The attachment processor configuration allows control over which properties to extract, extracting all properties by default. A remove processor is also added to the ingest pipeline to remove and hence not store the base64 encoded attachment sent in the content field; since the file exists on a file share already and the extracted content will be indexed into the content field of the attachment field, keeping the original attachment content around in Elasticsearch is superfluous to our use case. In fact, we could simplify this example further by sending the base64 encoded attachment as the value of the attachment field to Elasticsearch instead of using the content field, still specifying the attachment as the target field as before, and removing the content field altogether. A series of blog posts will be diving deeper into ingest node and pipelines if you're eager for more details and use cases; for a teaser, take a look at Ingesting and Exploring Scientific Papers with the ingest-attachment processor plugin and our Elasticsearch as a service offering, Elastic Cloud.

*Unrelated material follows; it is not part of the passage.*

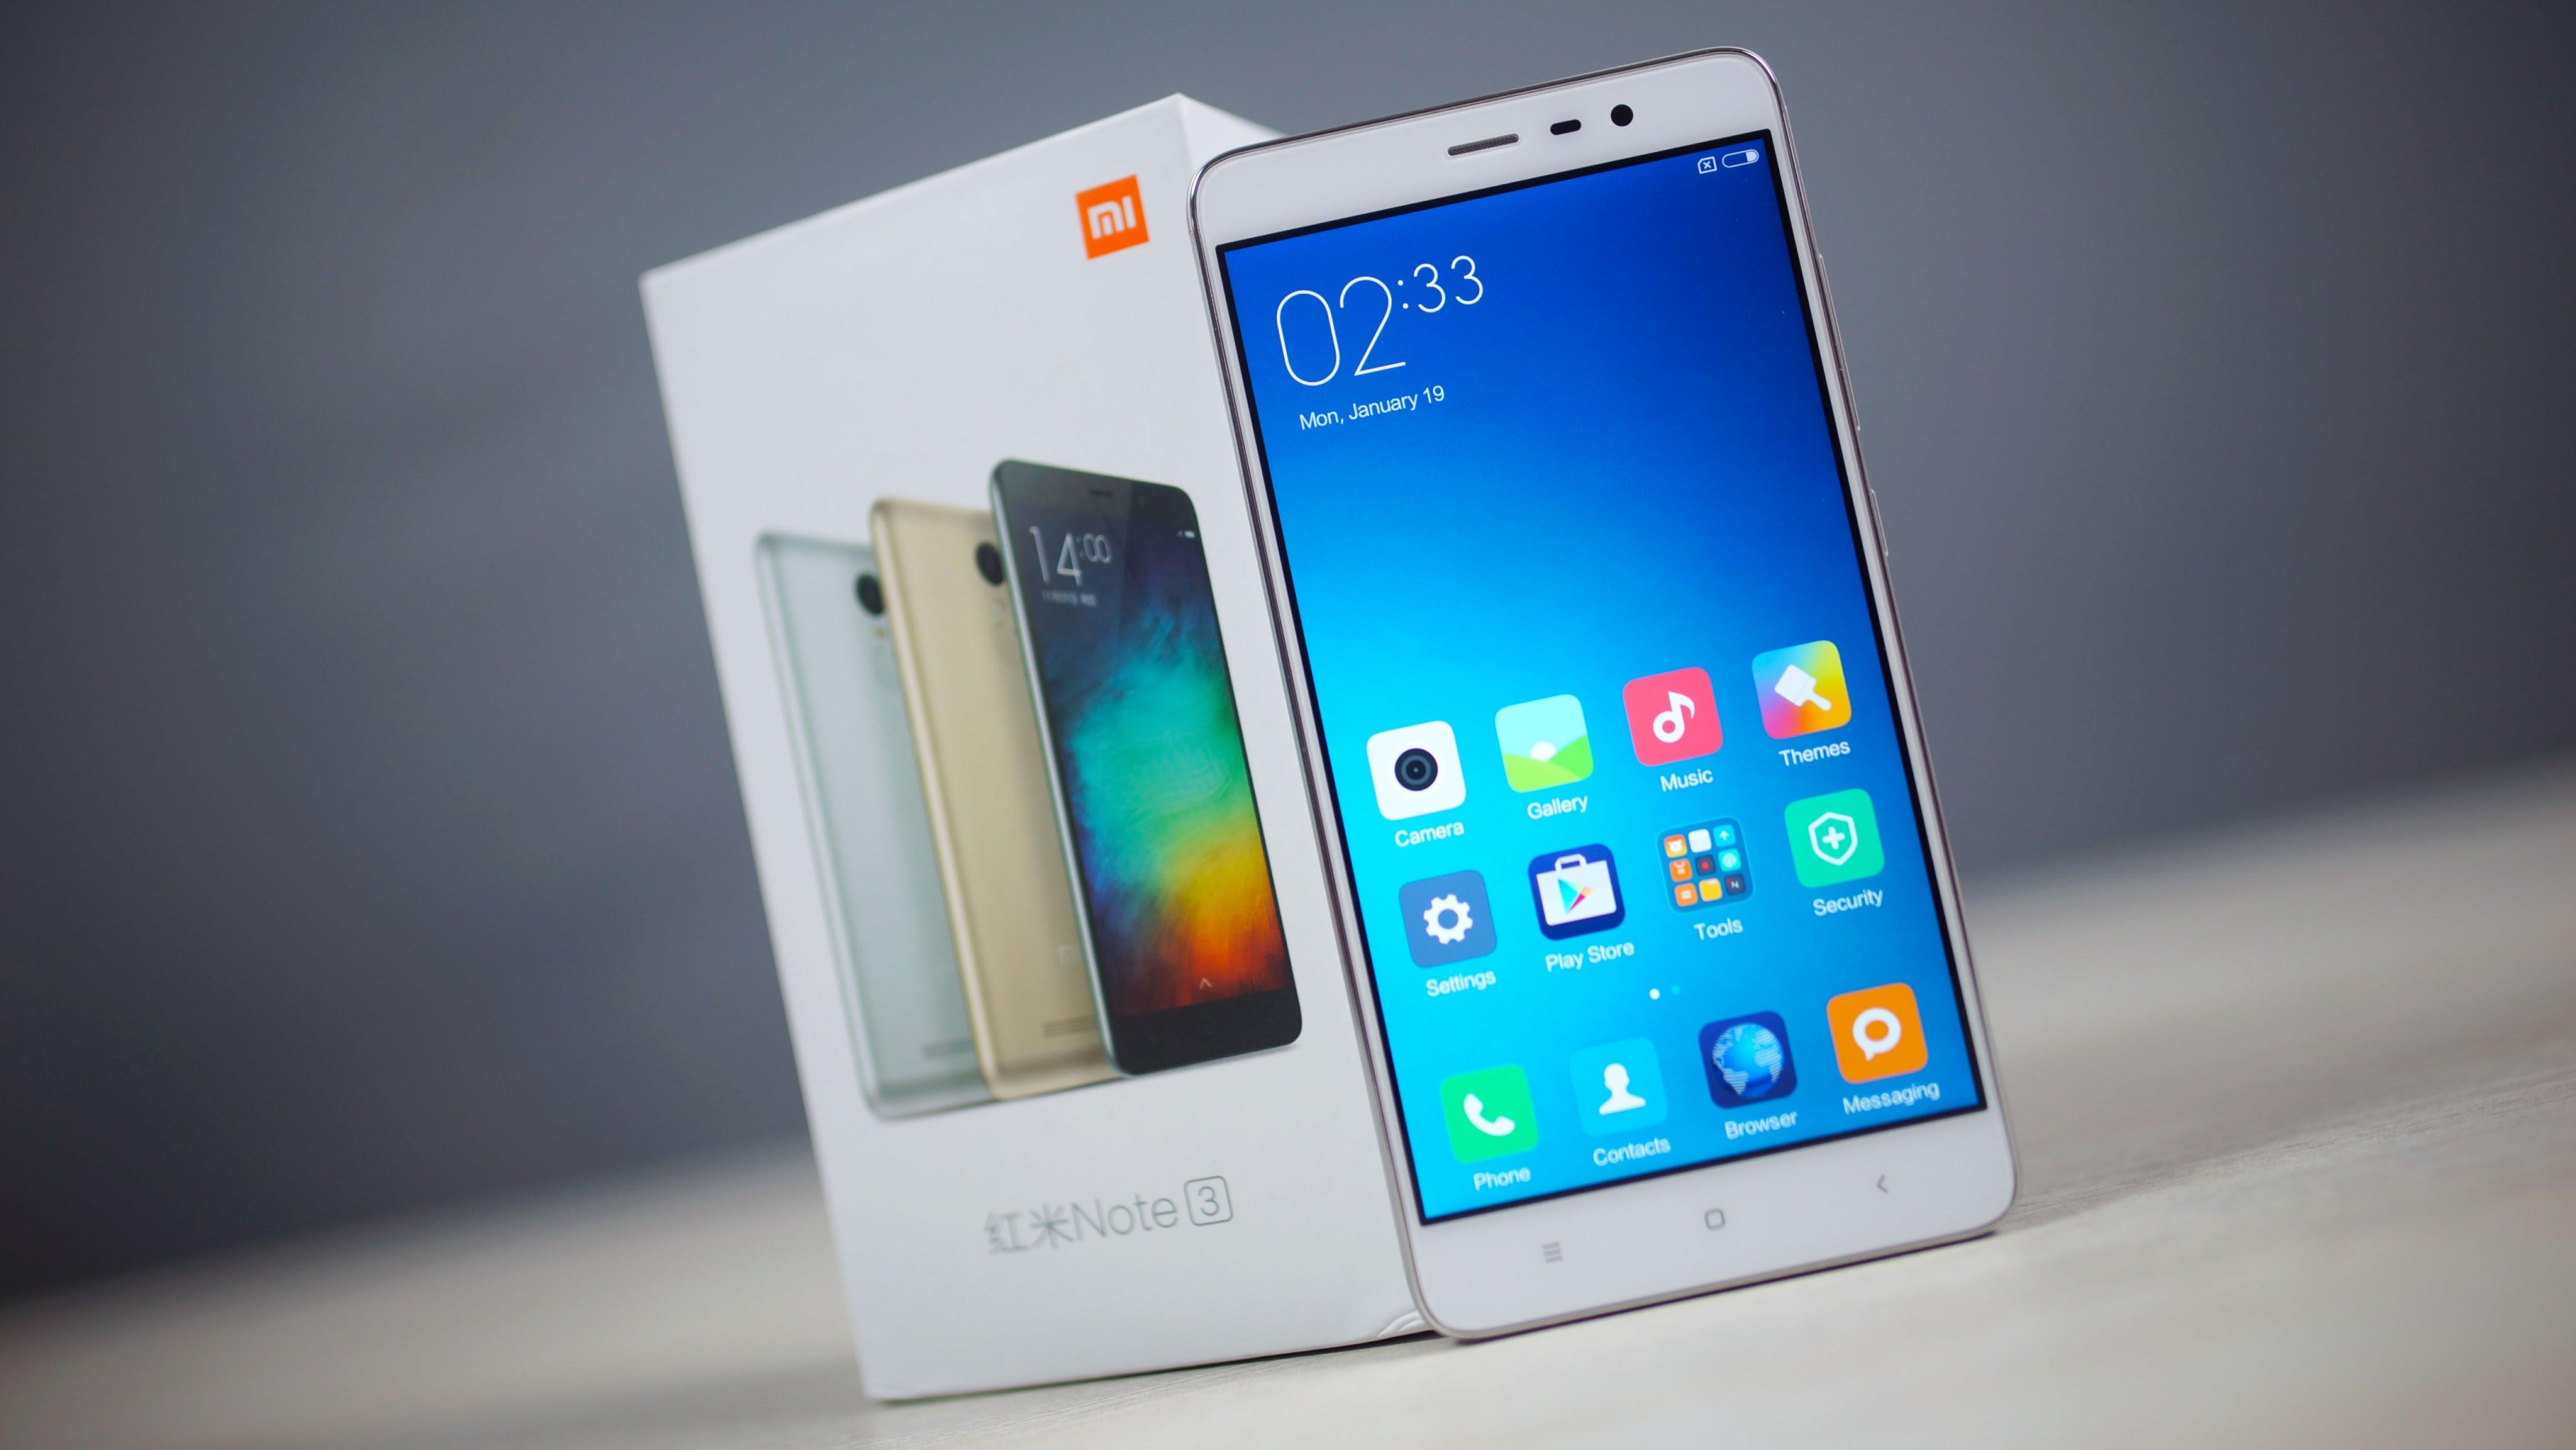 Offerte Smartphone Xiaomi Con GearBest Sconti A Partire

Indexing and Searching in the Brave New World

We're now ready to roll with indexing our attachment! The base64 encoded attachment is now passed in the Content field on the Document POCO and the id of the pipeline to use is also specified on the request.

var directory = Directory.GetCurrentDirectory();
var base64File = Convert.ToBase64String(File.ReadAllBytes(Path.Combine(directory, "example_one.docx")));
client.Index(new Document
{
  Id = 1,
  Path = @"\\share\documents\examples\example_one.docx",
  Content = base64File
}, i => i.Pipeline("attachments"));

For this to all work, our Elasticsearch cluster needs to have at least one ingest node in it and, if you need to process lots of attachments, it is recommended to have dedicated ingest nodes since the extraction process can be a resource intensive operation.

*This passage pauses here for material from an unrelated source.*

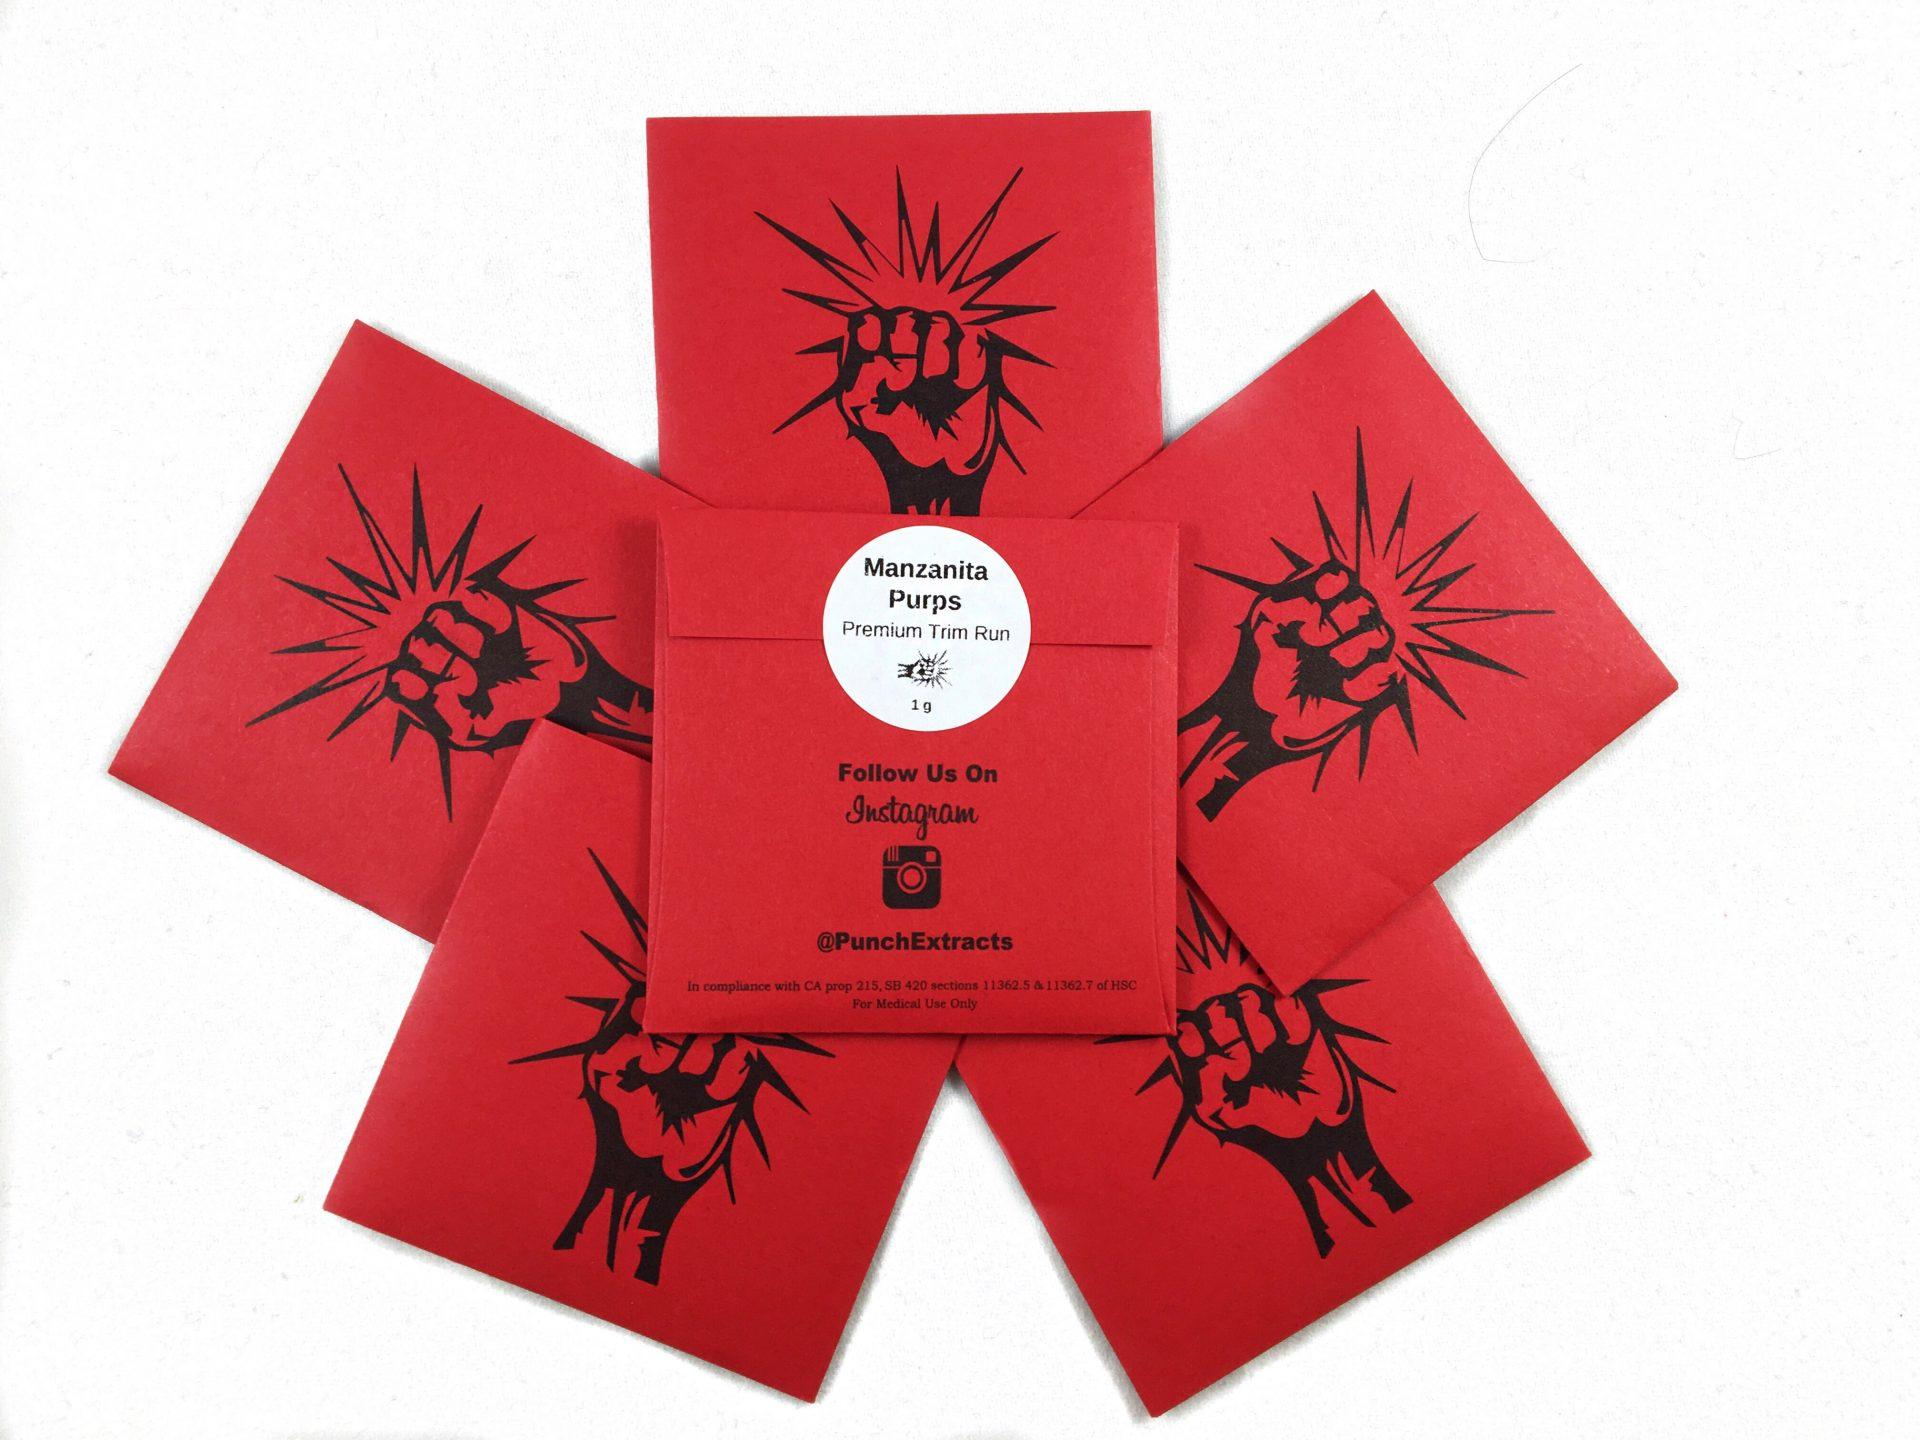 menu wax extracts punchextracts shatter manzanita purps

With our document indexed, searching is as straightforward as before

var searchResponse = client.Search<Document>(s => s
  .Query(q => q
    .Match(m => m
      .Field(a => a.Attachment.Content)
      .Query("NEST")
    )
  )
);

which returns the following search result

{
  "took" : 2,
  "timed_out" : false,
  "_shards" : {
    "total" : 5,
    "successful" : 5,
    "failed" : 0
  },
  "hits" : {
    "total" : 1,
    "max_score" : 0.2568969,
    "hits" : [
      {
        "_index" : "documents",
        "_type" : "document",
        "_id" : "1",
        "_score" : 0.2568969,
        "_source" : {
          "path" : "\\\\share\\documents\\examples\\example_one.docx",
          "attachment" : {
            "date" : "2016-08-30T05:48:00Z",
            "content_type" : "application/vnd.openxmlformats-officedocument.wordprocessingml.document",
            "author" : "Russ Cam",
            "language" : "en",
            "content" : "The Present and Future of Attachments\n\nThis is a sample document to demonstrate indexing attachments using NEST and the new Attachment type",
            "content_length" : 141
          },
          "id" : 1
        }
      }
    ]
  }
}

All of the extracted metadata from the attachment appears within the _source field under the attachment field and the NEST Attachment type takes care of correctly deserializing this into an Attachment instance on our Document POCO.

Conclusion

PDFs, Word Documents, Powerpoint presentations, Excel spreadsheets and the like, brace yourselves, Ingest is here! No longer will your content remain locked away.